All those facts, however, dismal as they may be to those who would save a great natural wonder from destruction, do not, unfortunately, give an inkling of the full—and truly searing—dimensions of what is involved.
“This is one of the blackest pages in the history of American fisheries and represents what must be close to the ultimate in greed and lack of foresight, ” said Thomas J. Trelease, an official of the Nevada Fish and Game Commission, in 1967. It is “a grim, humiliating sermon in selfishness on one hand and public apathy on the other.”

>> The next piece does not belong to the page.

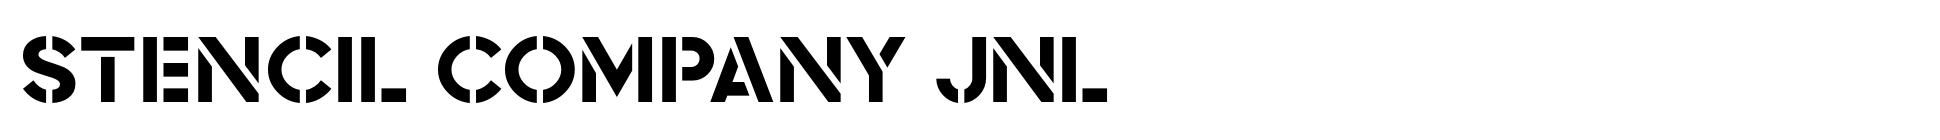 Stencil Company JNL

What he was underscoring was the fact that the lake just happens to belong to a small and impoverished tribe of American Indians—some nine hundred members of the Pyramid Lake tribe of Northern Paiutes, descendants of the people who welcomed Frémont in 1844. As Frémont noted, they were people who lived principally on fish, and in 1859 the federal government set aside the lake for them as the main part of an otherwise barren reservation, with the intent that it serve as their major means of existence. Through the years federal courts confirmed the lake as the Indians’ property, and the tribe kept it unspoiled. When the government in 1905 began to divert water from the lake, therefore, it not only took from the Indians something that was legally theirs, but threw into jeopardy the Paiutes’ very livelihood.
No one in 1905 appears to have considered what would happen to the reservation or to the people who lived on it, once their water was taken from them. No one consulted the Indians or asked them for the water—despite the fact that with first-priority water rights, going back to 1859, they could have claimed adequate water for the lake. No one even told them that the water was going to be taken. In plain words, the water was stolen from them in an all-too-common repetition of a fate suffered by other tribes in the arid West.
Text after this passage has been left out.